Work to complete
Using the records below, give again exactly the lines from the line that contains "One of the best" through the line that contains "Puff pastry filled", both ends included, and only those.

Record excerpts
══════════
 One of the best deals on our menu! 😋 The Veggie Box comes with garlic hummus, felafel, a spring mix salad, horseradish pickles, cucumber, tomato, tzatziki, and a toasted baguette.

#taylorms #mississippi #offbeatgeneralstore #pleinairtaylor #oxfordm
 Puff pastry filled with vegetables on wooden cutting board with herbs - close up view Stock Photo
══════════
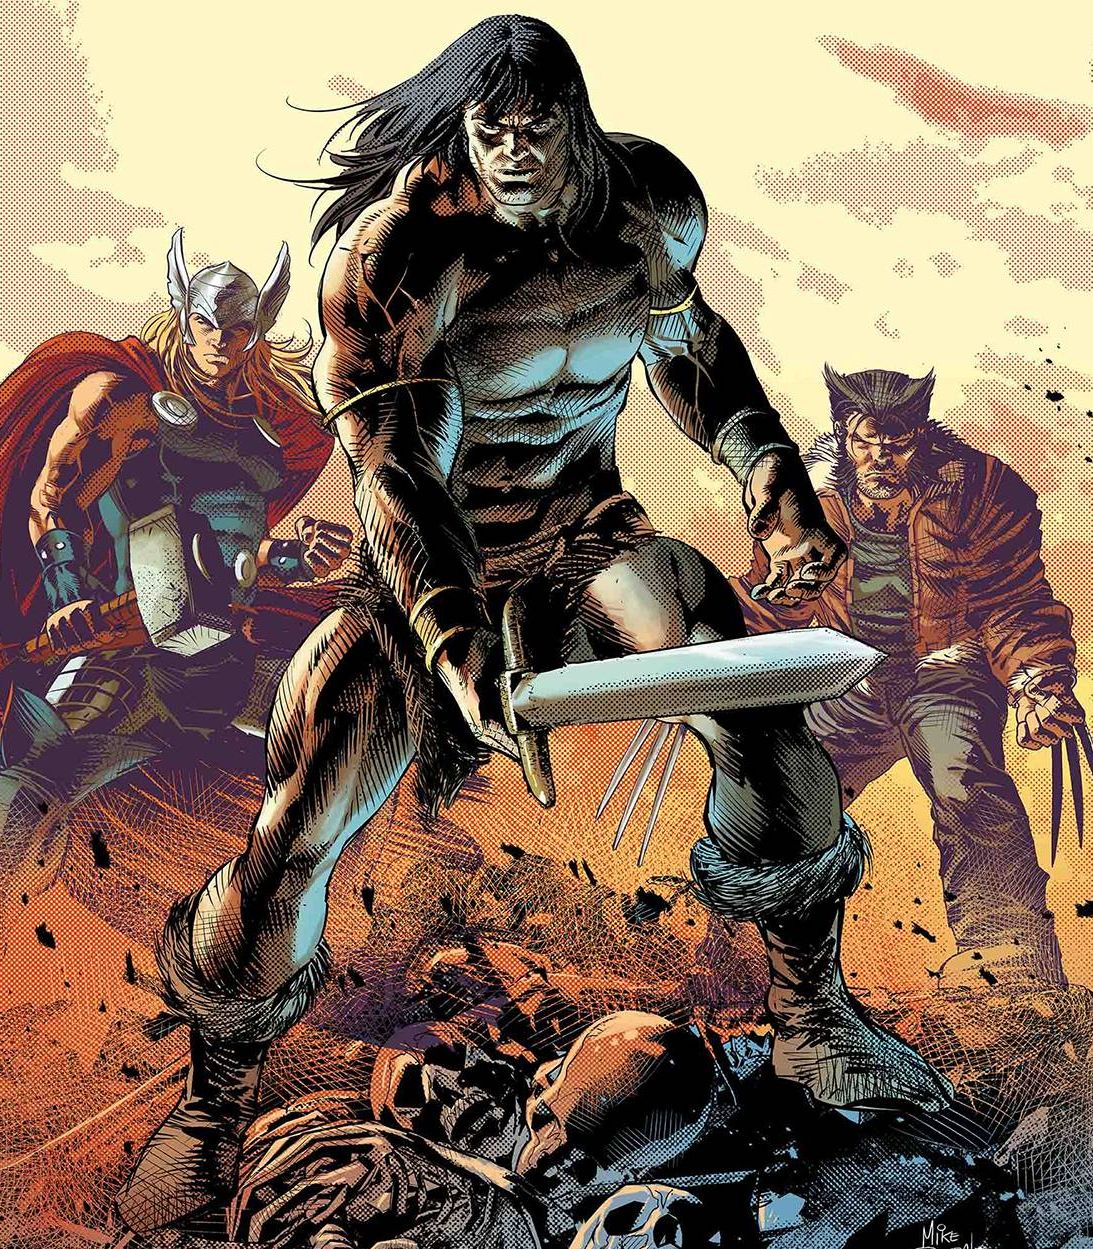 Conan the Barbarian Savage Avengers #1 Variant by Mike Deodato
══════════
Response to the task
 One of the best deals on our menu! 😋 The Veggie Box comes with garlic hummus, felafel, a spring mix salad, horseradish pickles, cucumber, tomato, tzatziki, and a toasted baguette.

#taylorms #mississippi #offbeatgeneralstore #pleinairtaylor #oxfordm
 Puff pastry filled with vegetables on wooden cutting board with herbs - close up view Stock Photo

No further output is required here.